The three recent canvases by Sam Francis, for all their modernist hallmarks—the open fields of white, sized canvas, the bleeds of high-key acrylic color concentrated at the edges—seemed also to situate themselves within a documentary mode. In Green, where color is limited to ragged monochrome bands of yellow, green, blue and red at the edges of the painting, the open field of white is designated as empty canvas, the limits of which are reinforced by colored drawing, literalizing the pictorial surface as a fact, but avoiding any interpretation of that fact. Francis says nothing about the nature of the white field, about its inherent properties of focus or about its possible tension from edge to edge. In another painting, a band of blue is bled diagonally across the field and this heightens further the operation of the color at the edges to declare the canvas as a pictorial shard—a fragment cut from some larger field. The fragment at hand reads as a document of its own existence and as a gesture outward—always to some set of relationships beyond itself that might give it meaning.

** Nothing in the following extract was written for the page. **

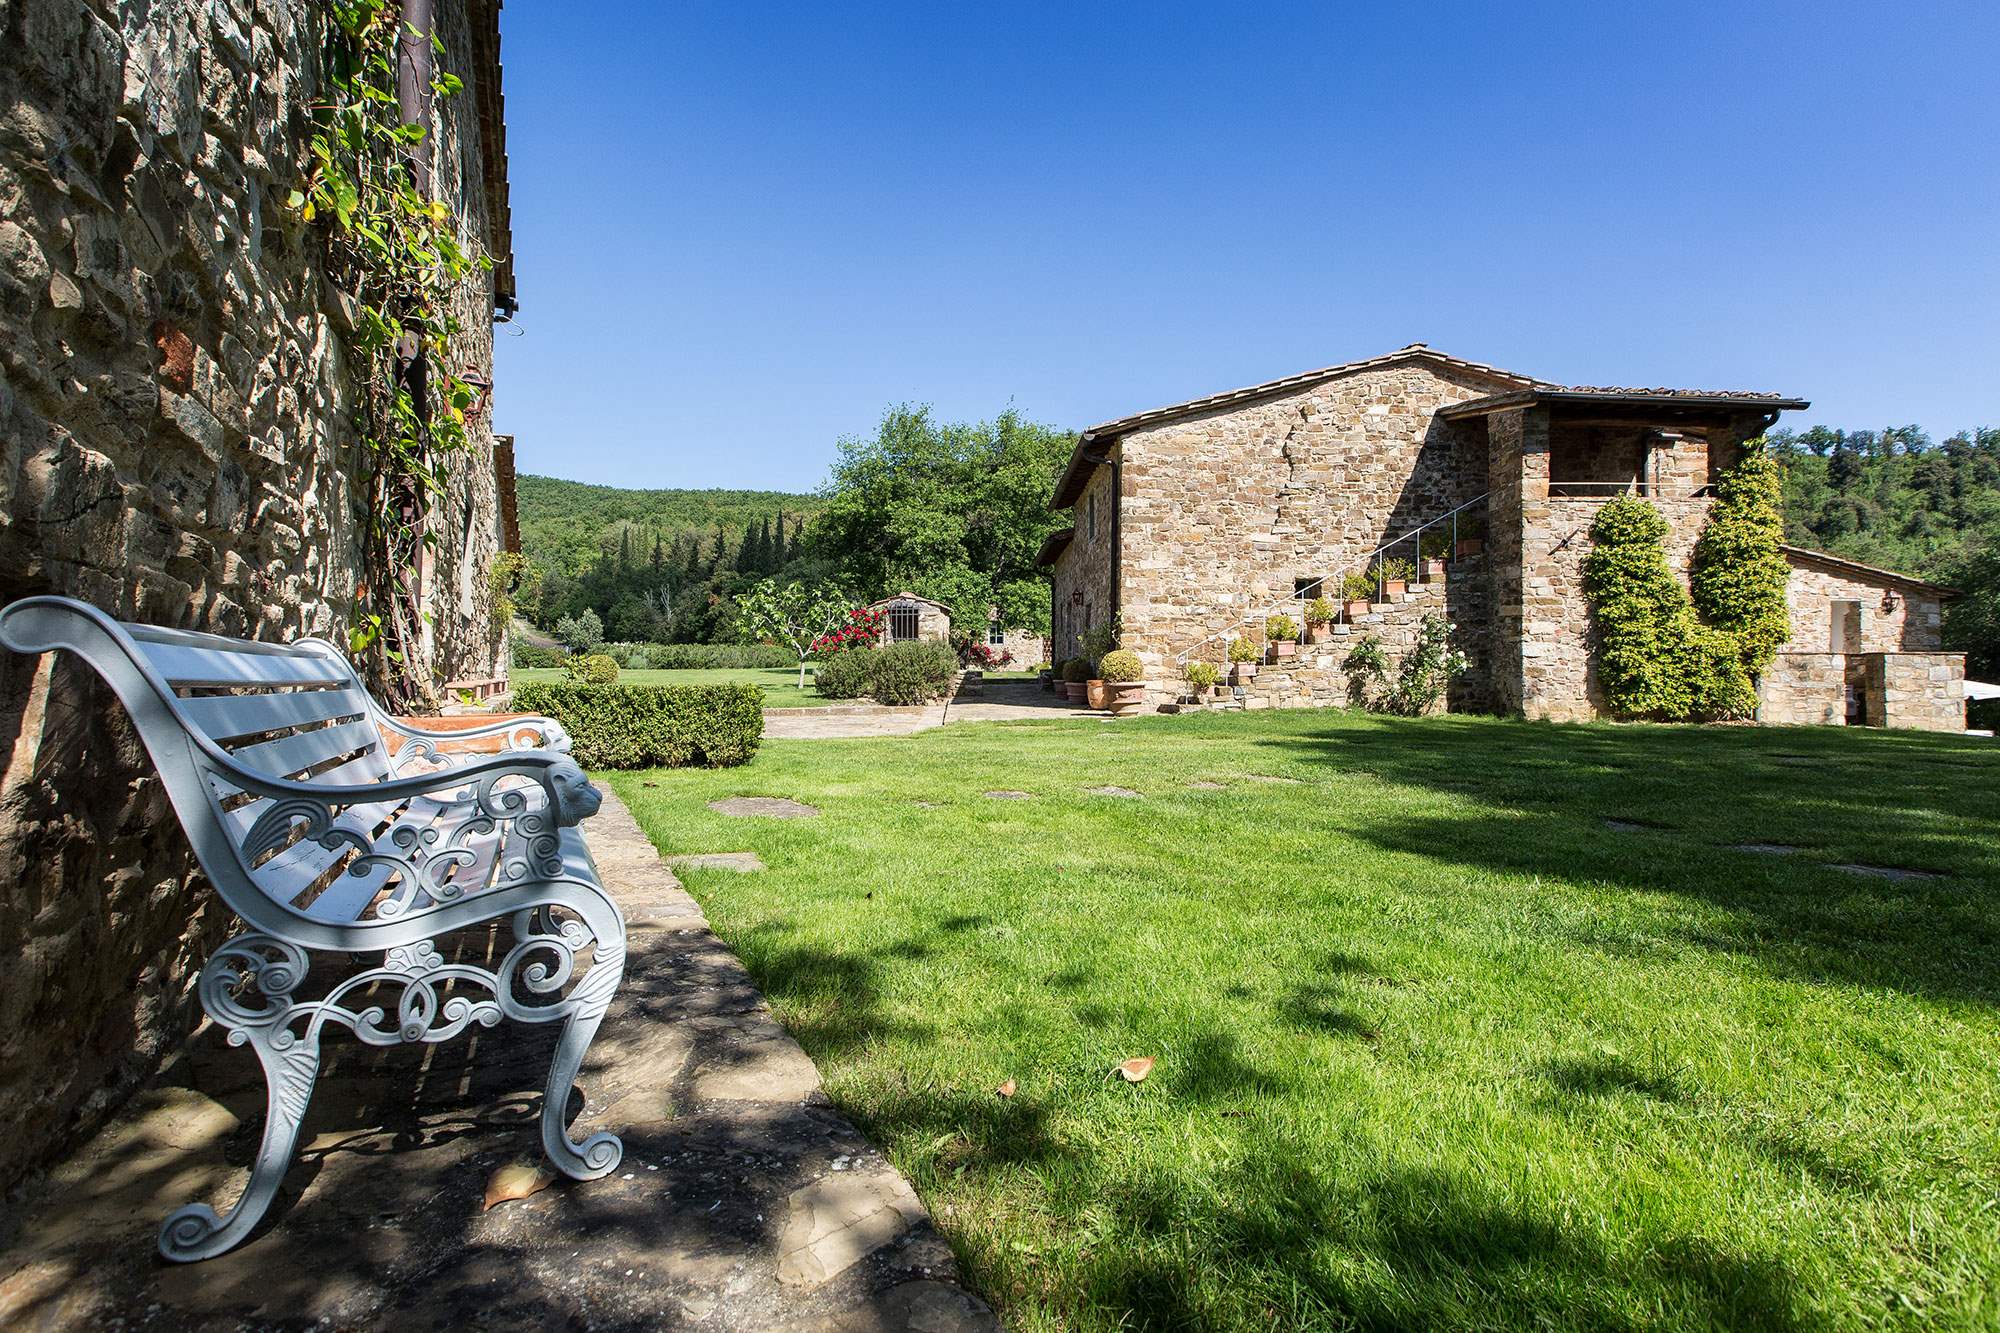 Villa Grande, Main Villa & Cottage, up to 16 persons rate, 8 bedroom villa in Chianti & Countryside, Tuscany Photo #41

The environmental piece that Robert Irwin contributed to the show consisted of a transparent gauze scrim stretched between the cornices of a circular gallery in the Corcoran above which rises a dome punctured at the center by a glazed oculus. As daylight filters through the oculus and focuses on the scrim—a disc-like fly caught in a barely visible web—one becomes aware that Irwin’s “work” is to intensify the spatial qualities the room already possesses. Domes generally seem weightless, appear to hover. This dome, slightly unfocused by the visual intervention of Irwin’s scrim, appears more intensely weightless, more difficult to grasp. Irwin’s work is like the filter on a lens trained on a real space—the properties of which, he seems to feel, are properly beyond his control.
The documentary sensibility is a phenomenon that is central now to the arts—central in the sense that it has to be dealt with, to be accounted for. This is something that filmmakers are acutely aware of. But then their medium itself forces on them the necessity of sorting out the relationship between unmediated and camera-created reality. In La Chinoise and Weekend, Godard returns to the dilemma it poses again and again, slipping back and forth between a theoretical and a formal analysis of the relationship. But for painters, the documentary seems still to be merely a mode which is there to be appropriated—not yet something that is in itself highly problematic and as such a potential source for ideas that could be pictorially profound.